Does MySQL Support Sharding?
It is possible to shard MySQL. But there is no support for automatic sharding. So, sharding MySQL is an extra task performed by application engineers.
How to Shard MySQL Database?
They used vertical sharding and horizontal sharding to shard MySQL.
The leader-follower is the most common replication topology in MySQL. The leader handles read-write requests. The followers handle read requests and replicate the leader.
Vertical sharding is the technique of moving a table to a separate server. Vertical sharding allows to keep different tables with different database leaders. This approach improves the write scalability.
A partition is a division of a logical database into distinct independent parts. But Quora has a different definition for partition. According to Quora, a partition is a cluster with a leader and followers.
They stored the following metadata in Apache Zookeeper:
mapping from a partition to the list of tables in that particular partition
mapping from a partition to the list of servers
They moved a large or high-traffic table to a new partition to scale out.
MySQL requires tables to be in the same partition to join them at the database level. But this is not possible on scaling out. So, they joined tables at the application level.
An outline of the drawbacks of vertical sharding is as follows:
replication lag problem on moving out large tables
reduced transactional functionality
degraded performance if the table becomes very large
A popular variant of vertical sharding is splitting a table into many tables. With this approach, some columns are in one table and the rest of the columns are in another table.
But the large tables in a database became problematic for them due to the following reasons:
Schema changes were difficult
Table movement became challenging
Unexpected errors might damage the entire table
Solution? Horizontal sharding is the technique of splitting a logical table into many physical tables.
The key design decisions taken for horizontal sharding at Quora were as follows:
1. Buy or Make Decision
They decided not to use a third-party solution (Vitess). But to build their own sharding solution. The reasons behind their decision were the following:
It was expensive to gain expertise and modify a third-party sharding service. They had fewer than 10 large tables to shard
It was easy to reuse the existing vertical sharding logic
It was easy to support custom API at the database level
There was no need for database-level joins. They performed joins at the application level
There was no extra middleware introduced. This kept latency low
2. Shard Level
There are 2 levels to sharding the database: logical database level and table level.
The shards will live either on the same server or on different servers.
Sharding at the logical database level is pretty straightforward. It creates shards with the same set of tables across each shard.
And sharding at the table level allows to shard only the large tables.
They preferred sharding at the table level. The reason was the extensive use of secondary indexes at Quora.

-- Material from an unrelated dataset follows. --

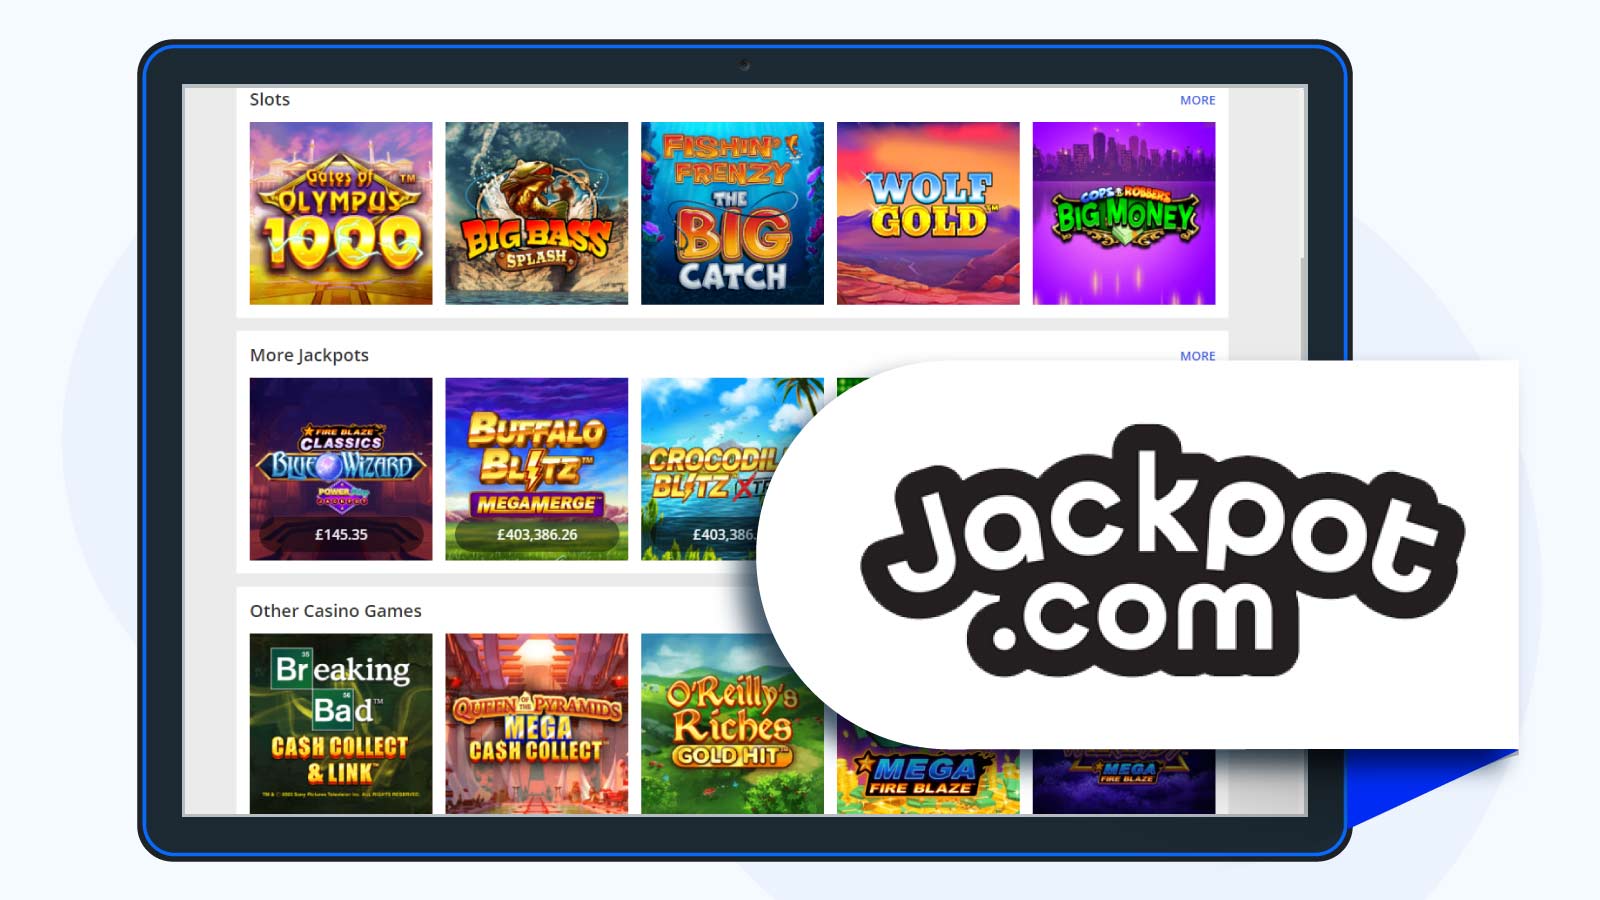 Jackpot.com Casino – Top Option For Budget Players
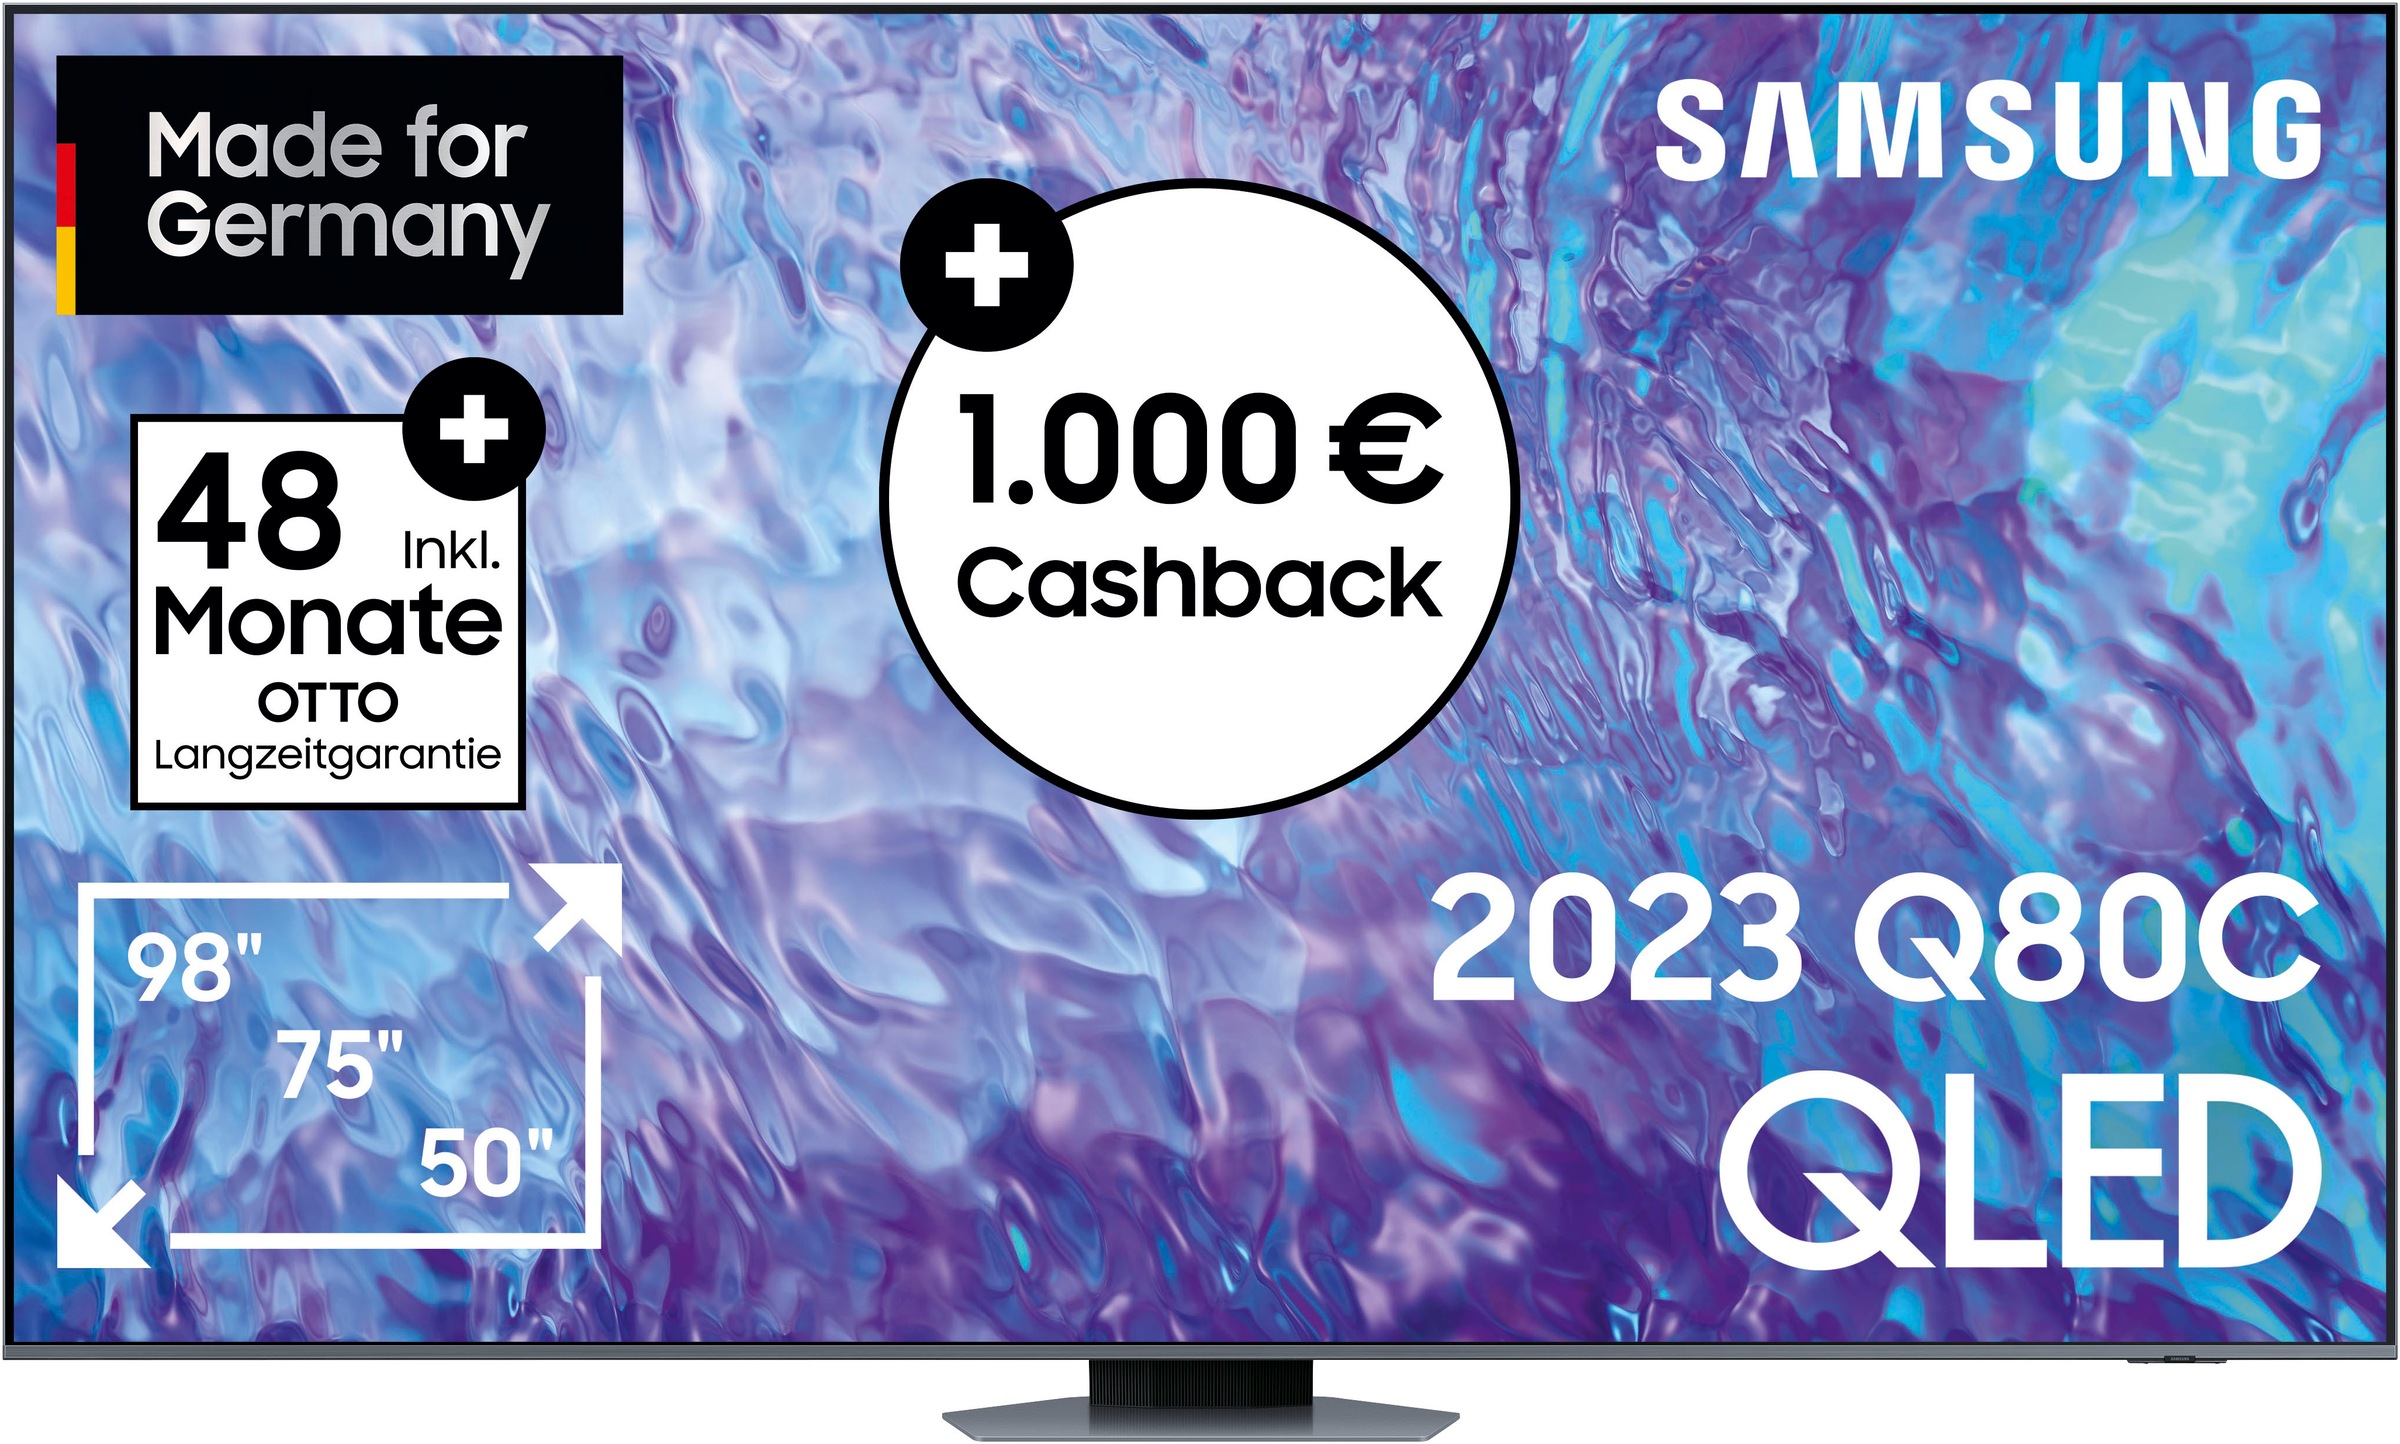 Samsung LED-Fernseher, 247 cm/98 Zoll, Smart-TV auf Rechnung bestellen

A secondary index is an index that is not based on the usual primary index and may contain duplicate values.
The secondary index is stored only within a shard. So, the queries relying on secondary indexes may have to query all the shards of the table. This pattern is called the scatter-and-gather pattern. And this makes sharding at the logical database level expensive.
There is a workaround. Convert the secondary index into dedicated tables and then shard them. But this process is not easy.
Sharding at the table level is workable. Because only the queries against sharded tables need to perform scatter and gather.
3. Sharding Method
A logical table is split into many physical tables via sharding. The popular sharding methods are as follows:
Range-based sharding splits database rows based on a range of values. A shard key is assigned to a particular range of values.
Hash-based sharding assigns the shard key to each database row via a hash function.
They preferred range-based sharding because range queries were the most common at Quora.
4. Metadata of Shards
They persisted metadata of the shards in Zookeeper.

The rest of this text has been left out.